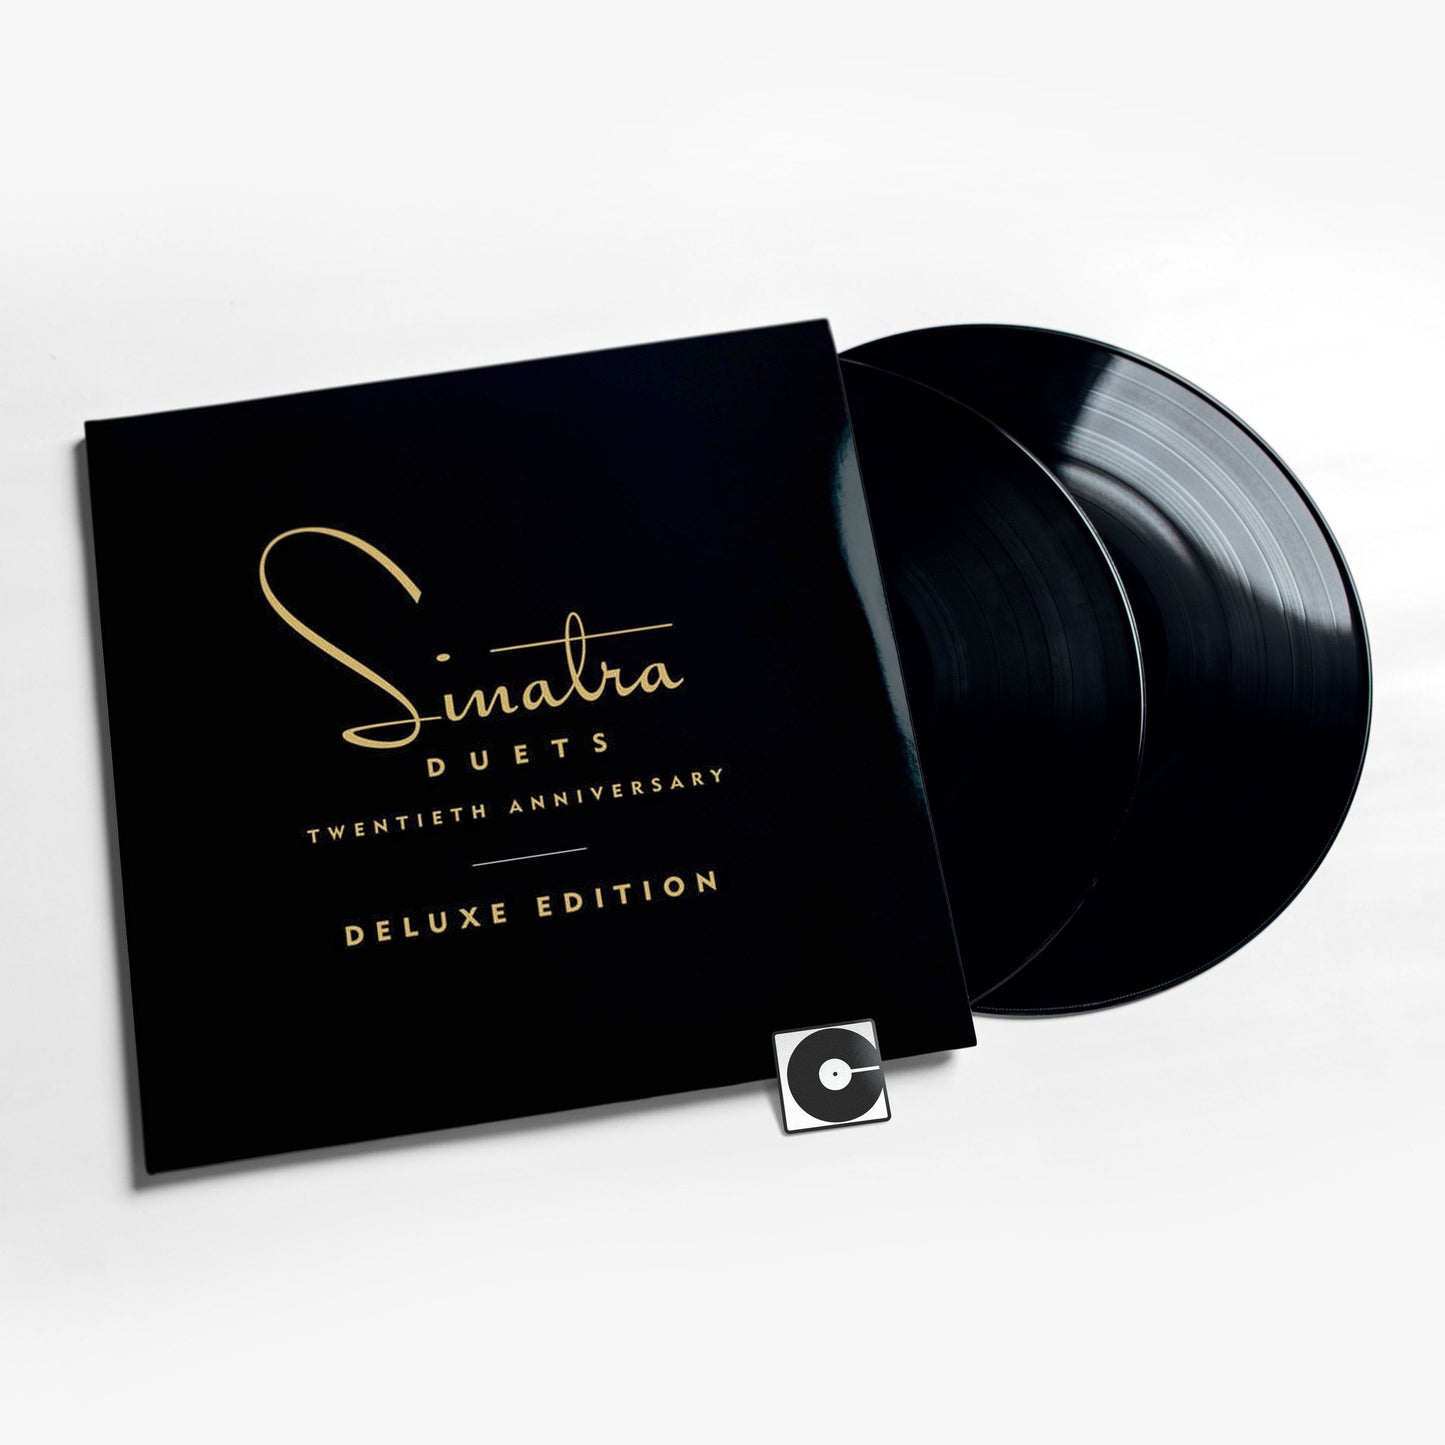 Frank Sinatra - "Duets"
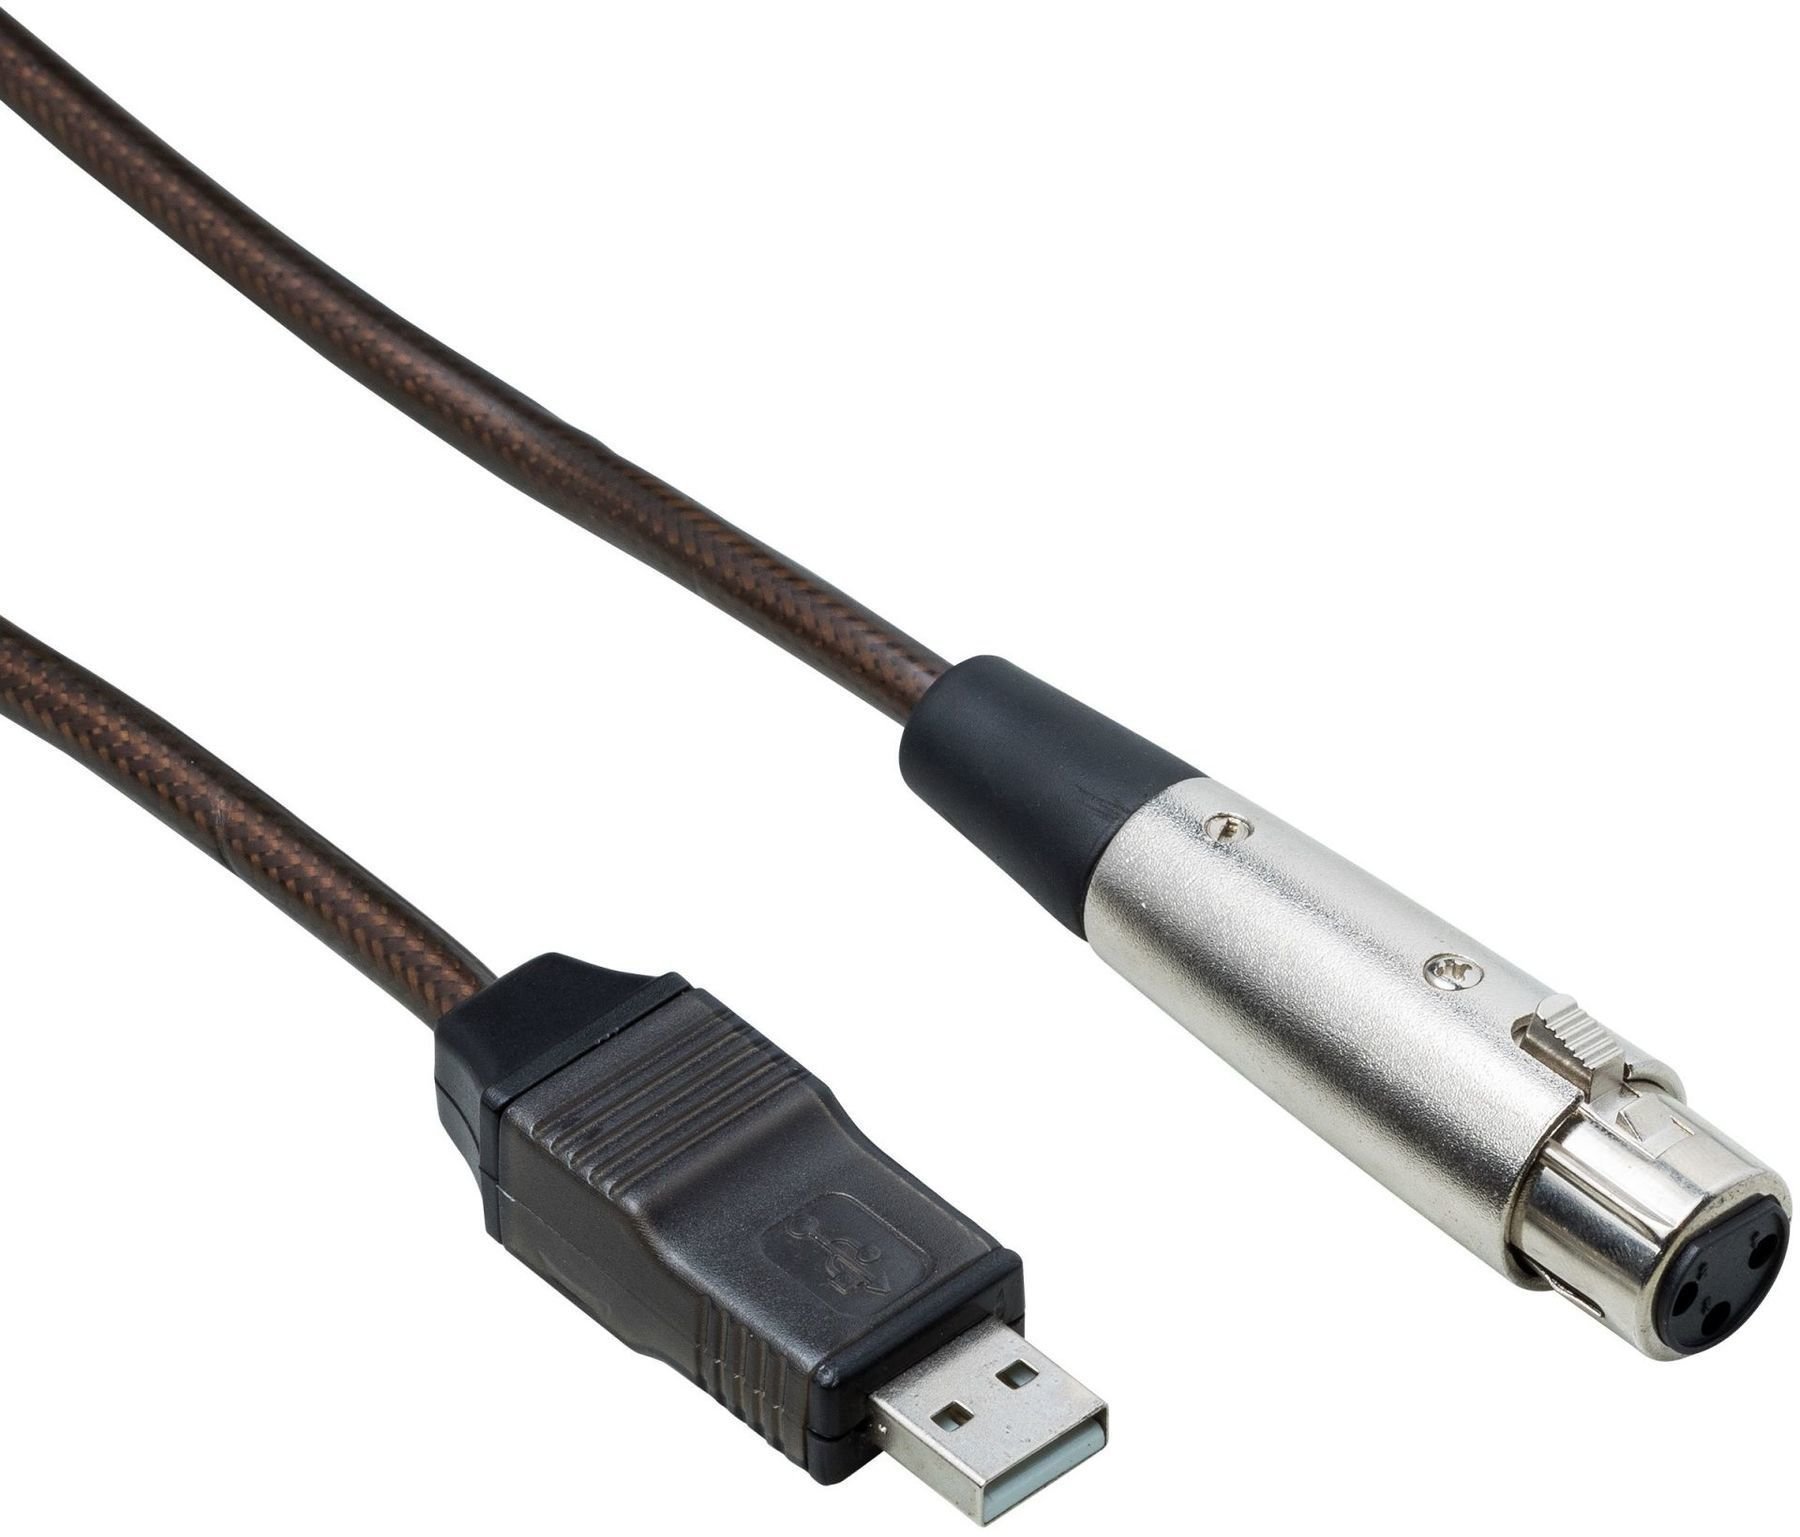 USB Kabel Bespeco BMUSB200 Braun 3 m USB Kabel
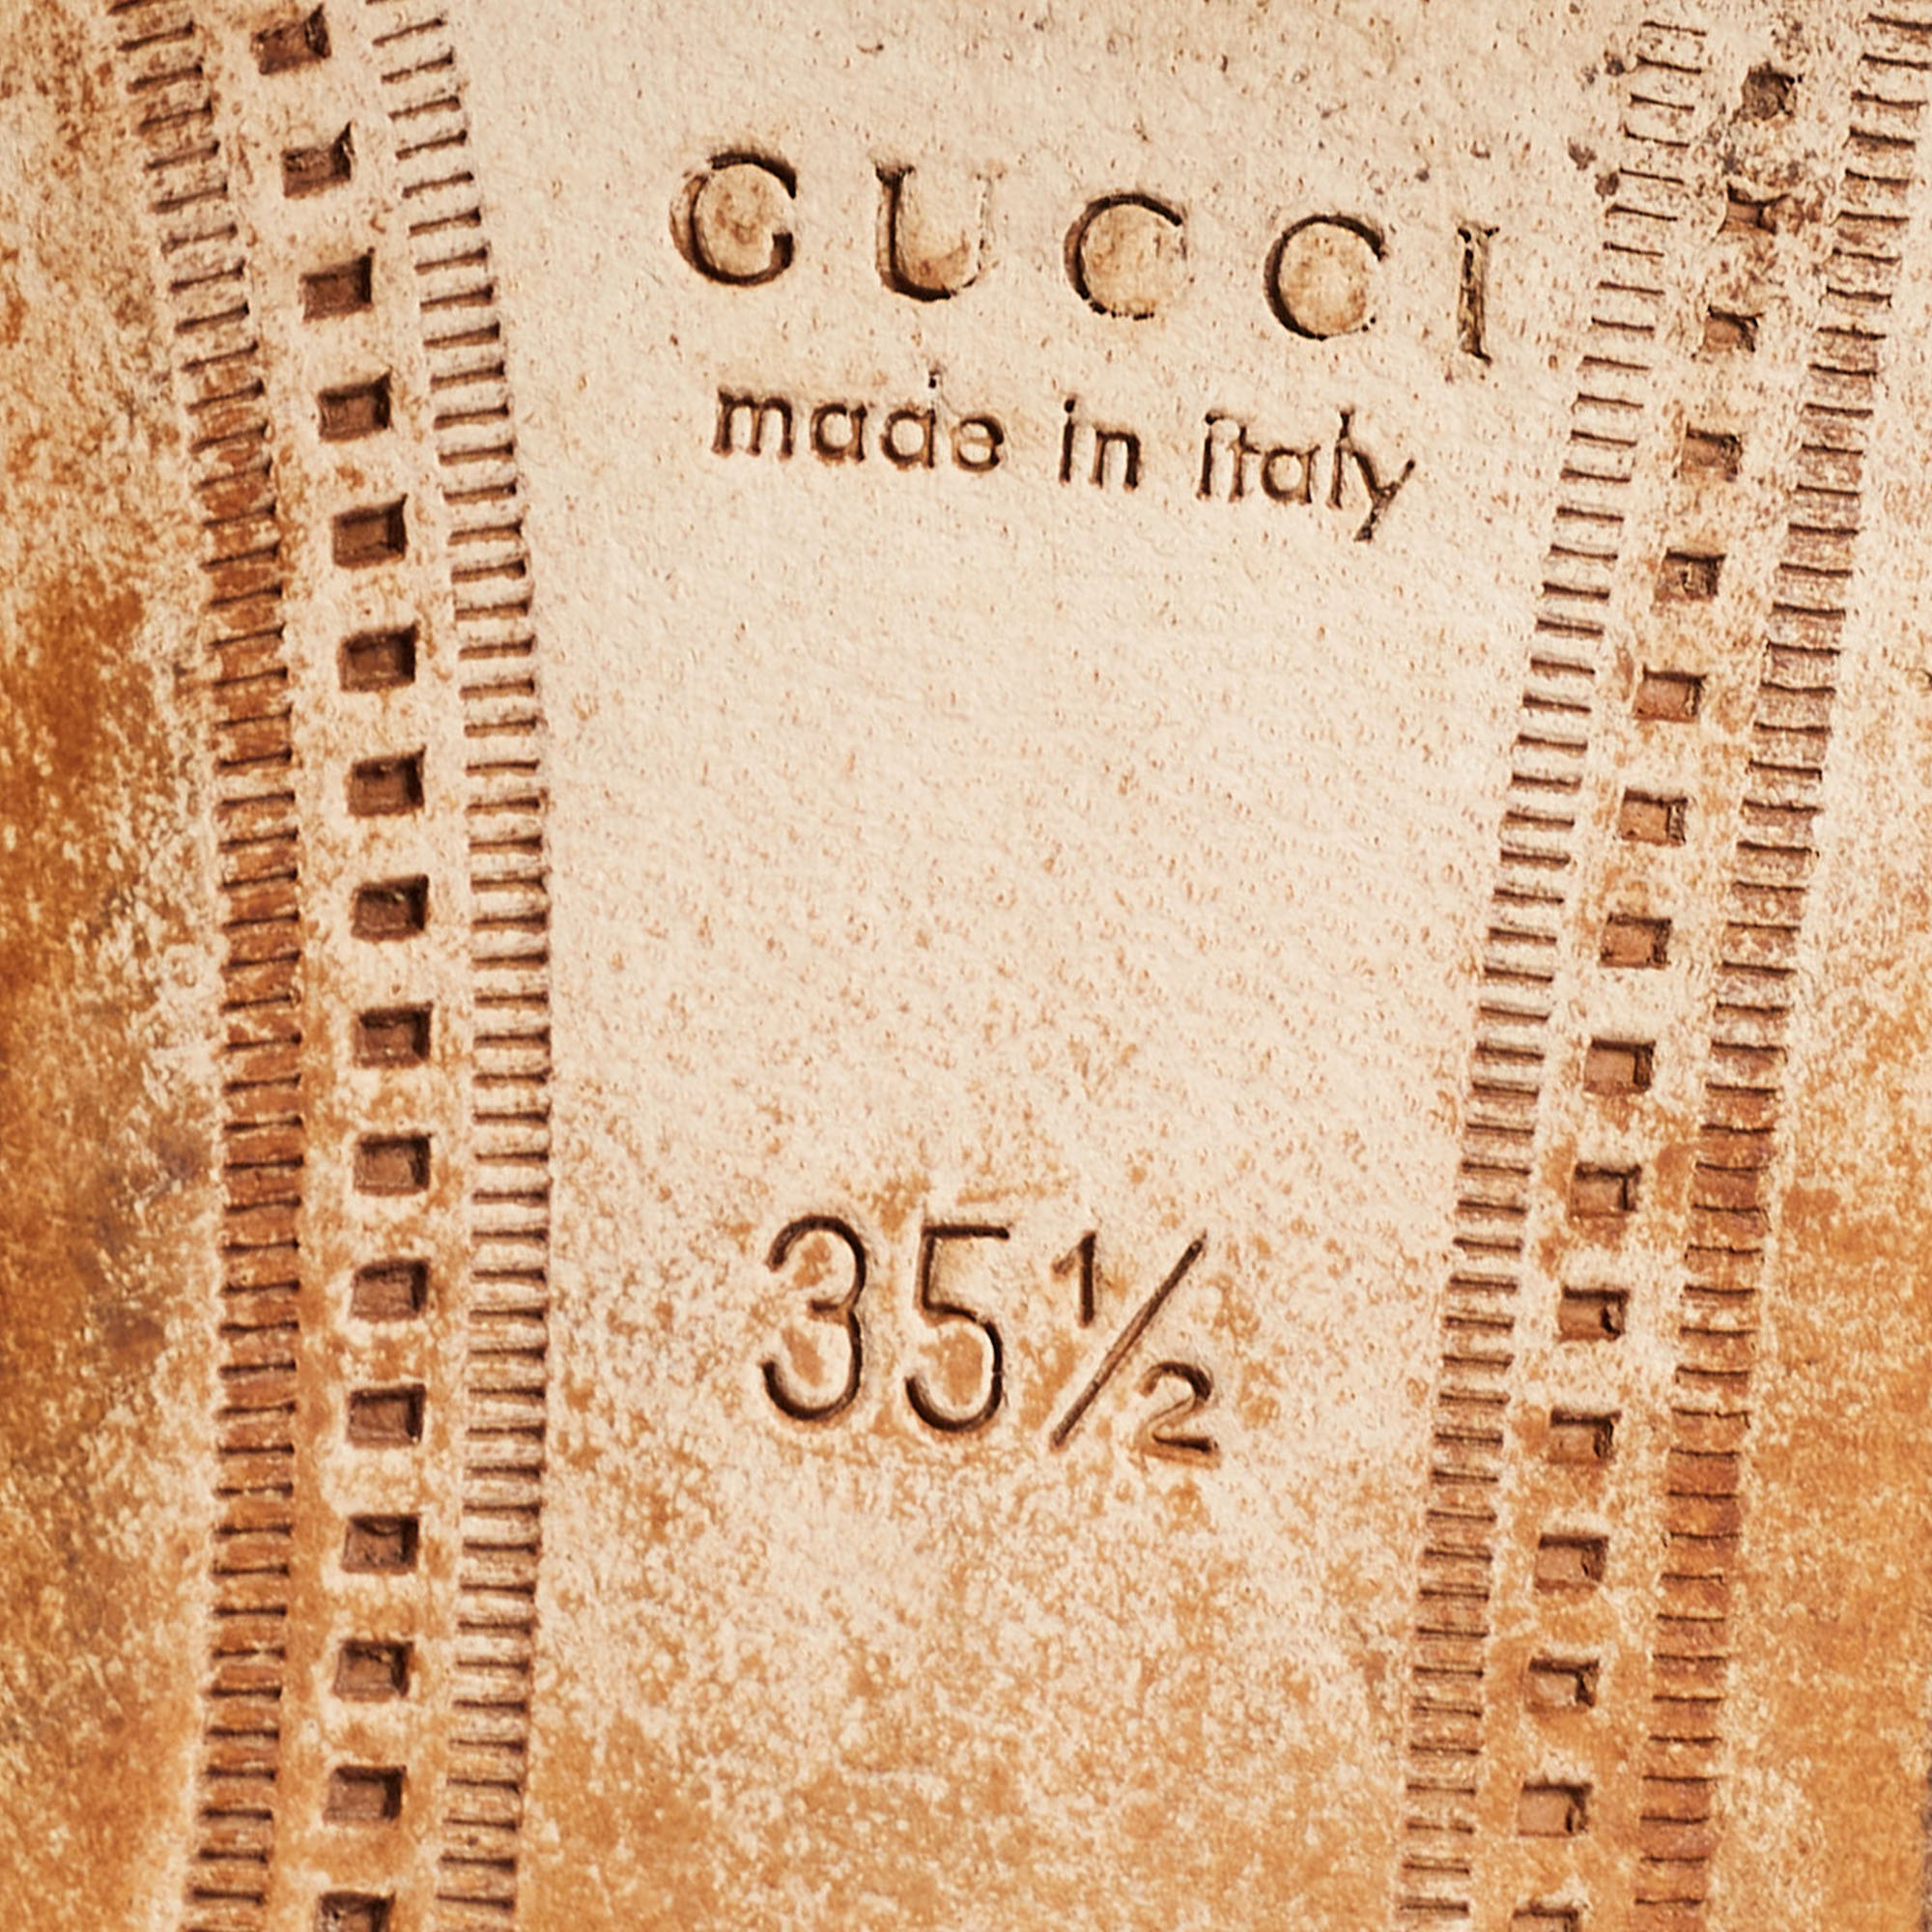 Gucci Black Leather Jordaan Horsebit Slip On Loafers Size 35.5

◆ **WHAT IS BEING ASKED**:
Copy out all the data exactly. No images belong in the copy.

◆ **ANSWER SECTION**:
 Frank Sinatra - "Duets"
 USB Kabel Bespeco BMUSB200 Braun 3 m USB Kabel
 Gucci Black Leather Jordaan Horsebit Slip On Loafers Size 35.5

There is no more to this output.